Eine Heilung gibt es nicht, aber du kannst einiges tun: Sonnenschutz, Hautpflege, mechanischer Schutz und eine ausgewogene Versorgung mit Vitamin C helfen dabei, die Haut so widerstandsfähig wie möglich zu halten.
Wichtig bleibt: Wenn du plötzlich ungewöhnlich viele, großflächige oder schmerzhafte Blutungen bemerkst – oder wenn sie an Stellen auftreten, die keine Senile Purpura sein können – dann gehört das ärztlich abgeklärt. Im Zweifel immer lieber einmal zu viel zum Arzt als einmal zu wenig.
Häufige Fragen zu Senile Purpura
Ist Senile Purpura gefährlich?
Meistens nicht. Senile Purpura selbst ist harmlos und bedarf keiner Behandlung. Gefährlich kann es werden, wenn hinter den Blutungen eine unerkannte Gerinnungsstörung oder andere Erkrankung steckt – das sollte ärztlich ausgeschlossen werden.
Kann man Senile Purpura wegsalben?
Nein, es gibt keine Salbe, die die Einblutungen schneller verschwinden lässt. Rückfettende Pflege unterstützt die Hautstruktur langfristig, löst aber bestehende Flecken nicht auf.

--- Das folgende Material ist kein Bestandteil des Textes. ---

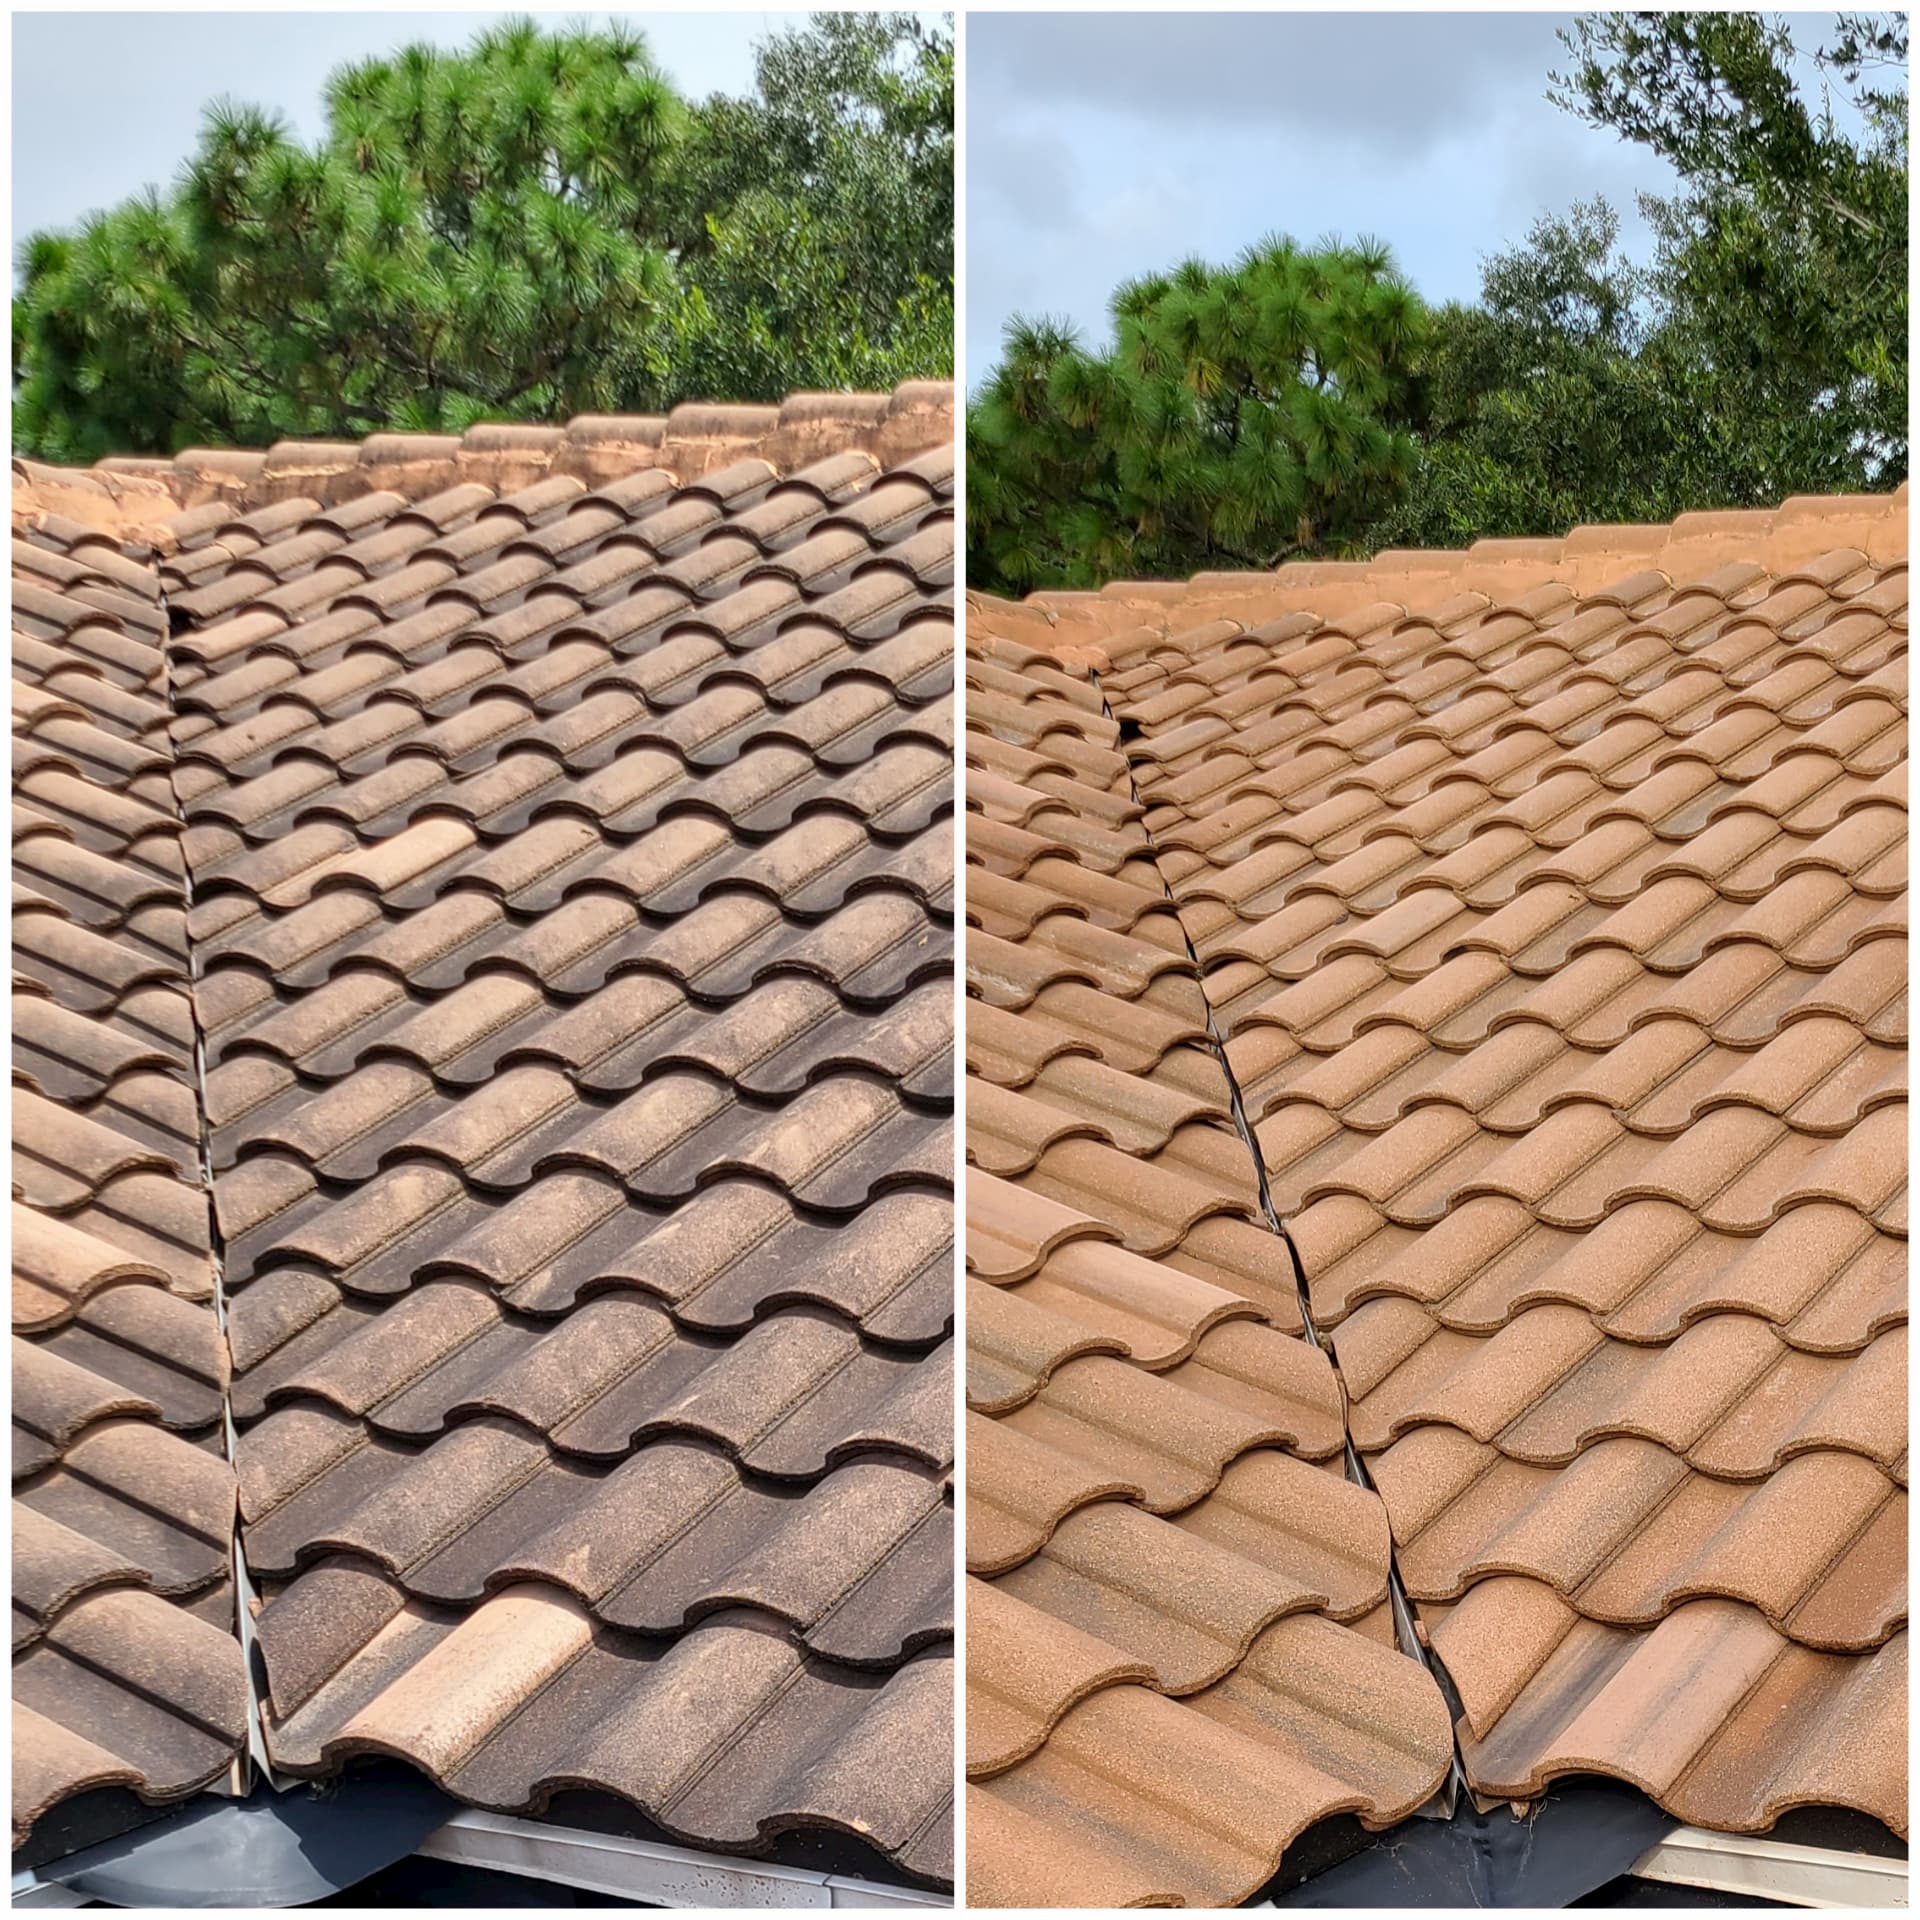 Tile roof washing sandestin fl

Wie lange dauert es, bis ein Fleck verschwindet?
In der Regel 1–3 Wochen. Oft hinterlässt er eine bräunlich-gelbe Verfärbung, die noch länger sichtbar bleibt, aber ebenfalls verblasst.
Muss ich meinen Arzt informieren, wenn ich Blutverdünner nehme und Senile Purpura bekomme?
Erwähne es beim nächsten Besuch. Du musst nicht sofort in die Notaufnahme, aber dein Arzt kann einschätzen, ob deine Gerinnungswerte noch im Zielbereich liegen.
Gibt es eine Verbindung zwischen Senile Purpura und Krebs?
Senile Purpura selbst ist kein Krebs-Zeichen. Bestimmte Blut- oder Knochenmarkerkrankungen können ebenfalls zu Hautblutungen führen – dann treten aber meist weitere Symptome auf. Bei Unsicherheit immer ärztlich abklären lassen.